If you use rollback segments instead of Automatic Undo Management, there are some restrictions when using parallel DML. See Oracle Database SQL Language Reference for information about restrictions for parallel DML and rollback segments.
The time required to roll back a parallel DML operation is roughly equal to the time it takes to perform the forward operation.
Oracle Database supports parallel rollback after transaction and process failures, and after instance and system failures. Oracle Database can parallelize both the rolling forward stage and the rolling back stage of transaction recovery.
See Oracle Database Backup and Recovery User's Guide for details about parallel rollback.
A user-issued rollback in a transaction failure due to statement error is performed in parallel by the parallel execution coordinator and the parallel execution servers. The rollback takes approximately the same amount of time as the forward transaction.
Recovery from the failure of a parallel execution coordinator or parallel execution server is performed by the PMON process. If a parallel execution server or a parallel execution coordinator fails, PMON rolls back the work from that process and all other processes in the transaction roll back their changes.
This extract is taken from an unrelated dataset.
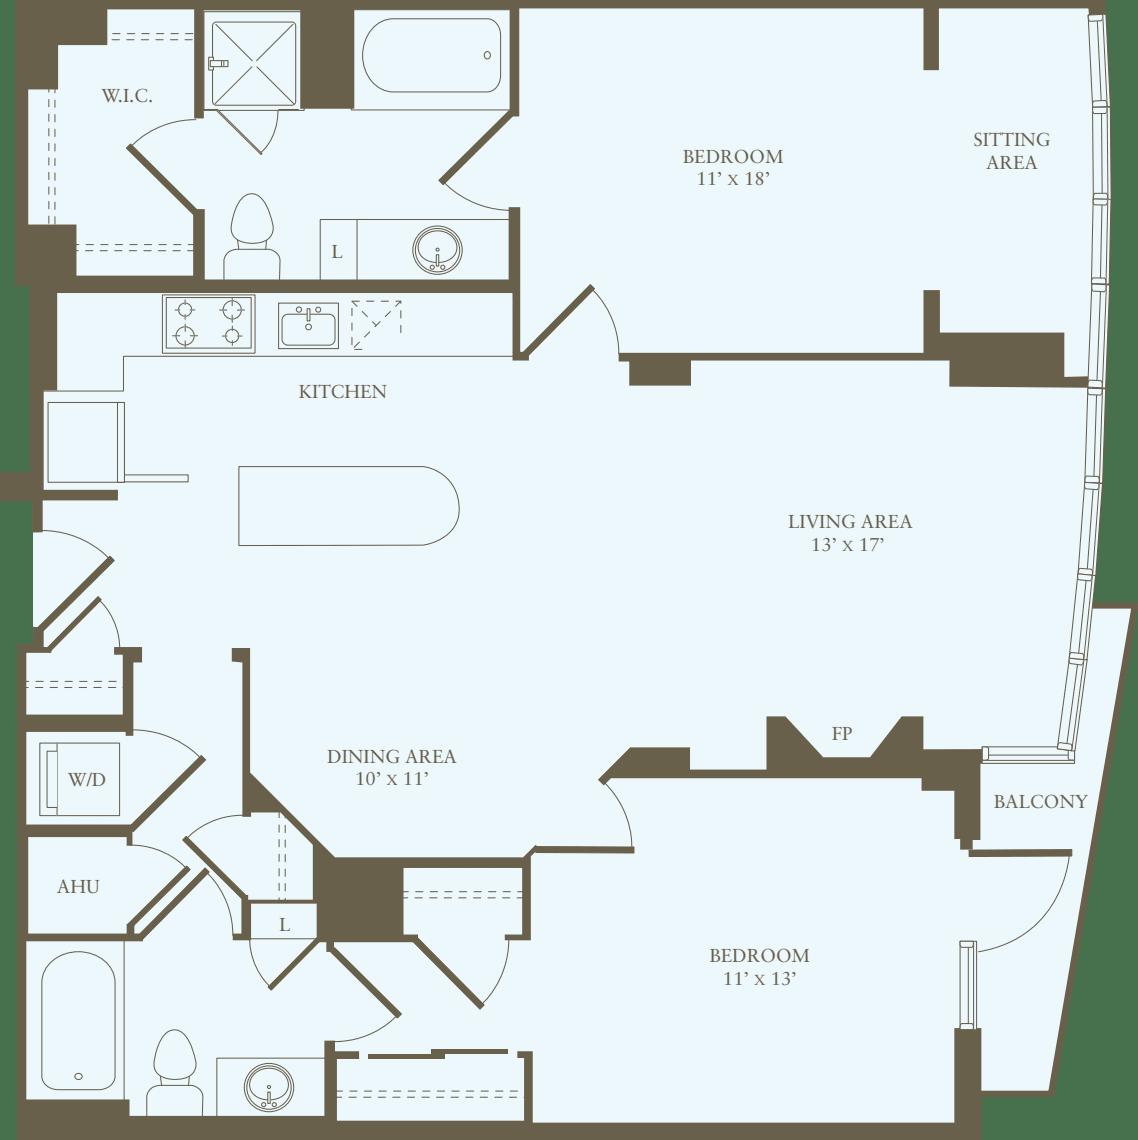 2 Bedrooms II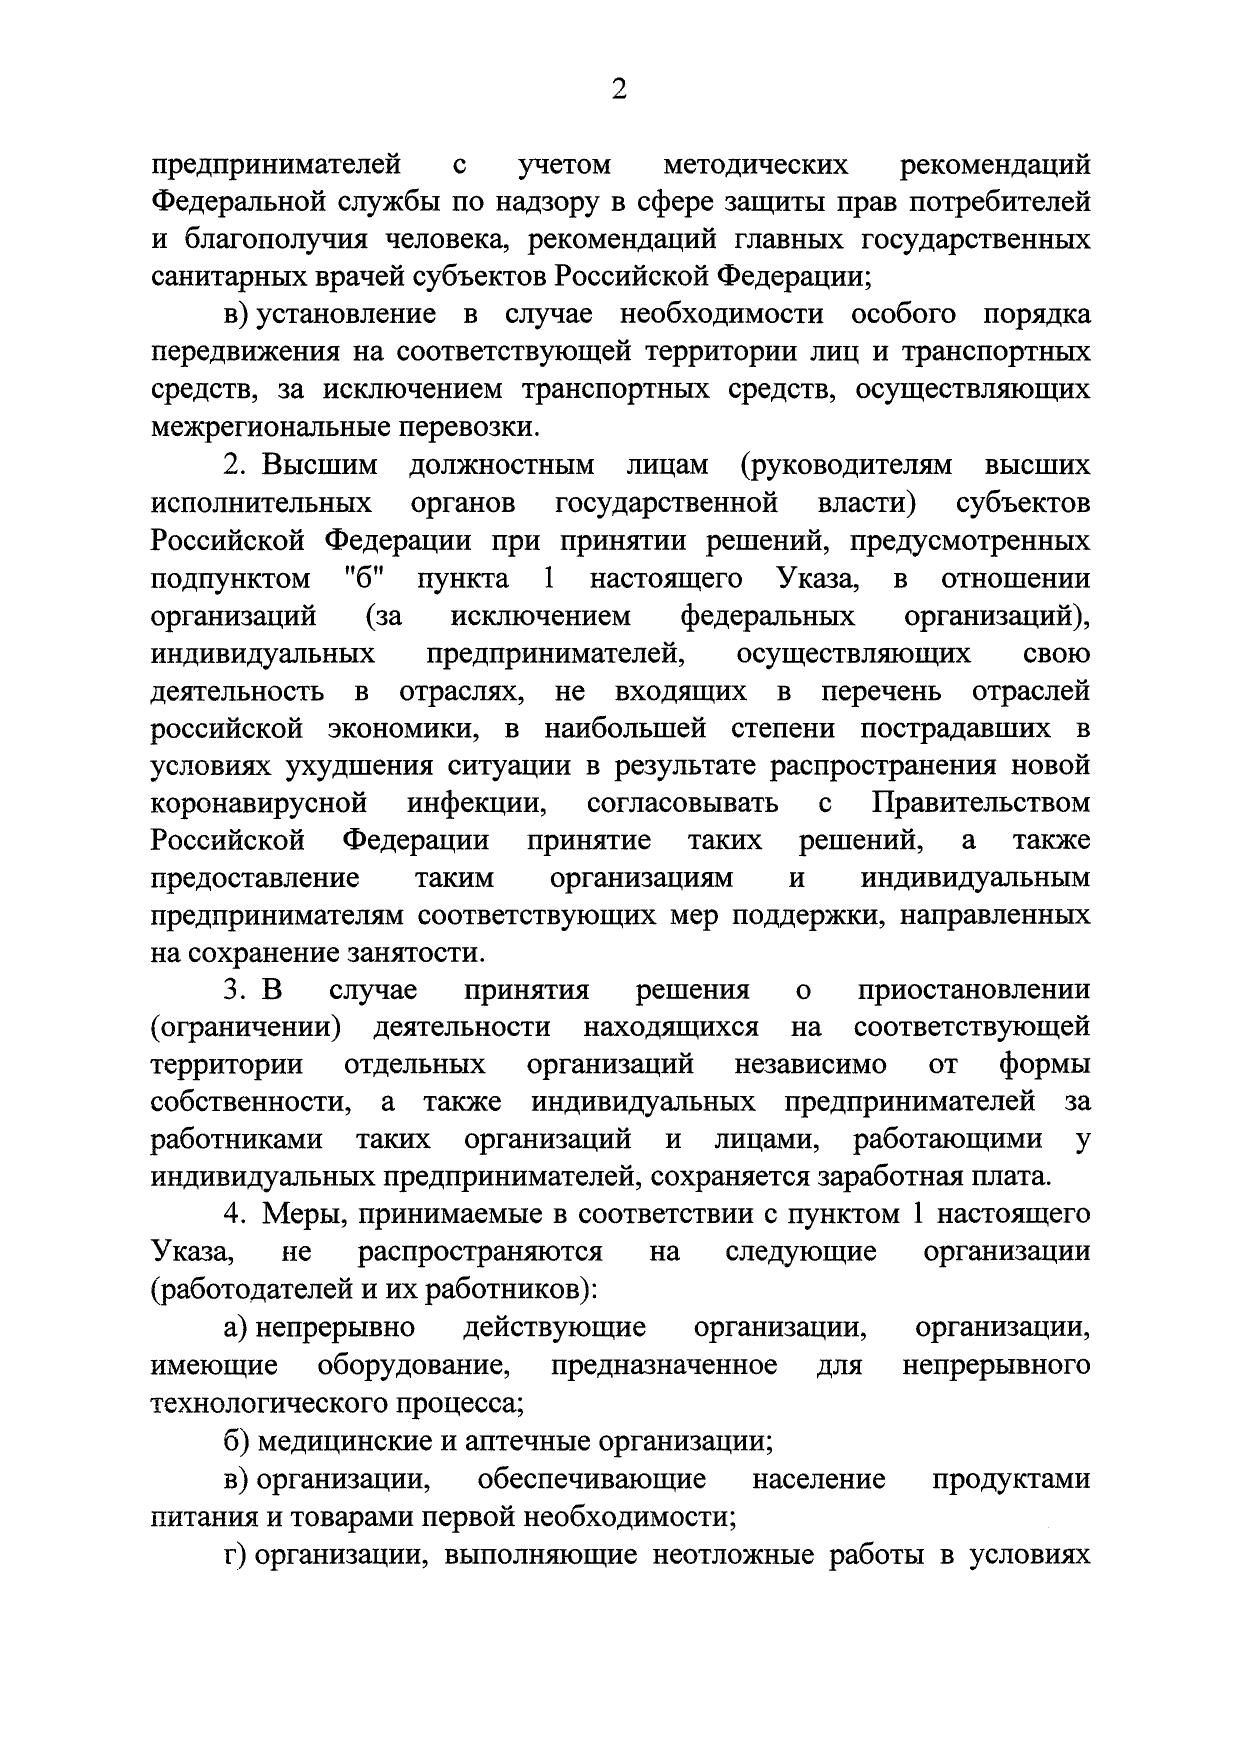 Указ Президента РФ от 11 мая 2020 г. (11.05.2020) N 316 2

Recovery from a system failure requires a new startup. Recovery is performed by the SMON process and any recovery server processes spawned by SMON. Parallel DML statements may be recovered using parallel rollback. If the initialization parameter COMPATIBLE
is set to 8.1.3 or greater, Fast-Start On-Demand Rollback enables terminated transactions to be recovered, on demand one block at a time.
Parallel UPDATE
will use the existing free space in the object, while direct-path INSERT
gets new extents for the data.
Space usage characteristics may be different in parallel than sequential execution because multiple concurrent child transactions modify the object.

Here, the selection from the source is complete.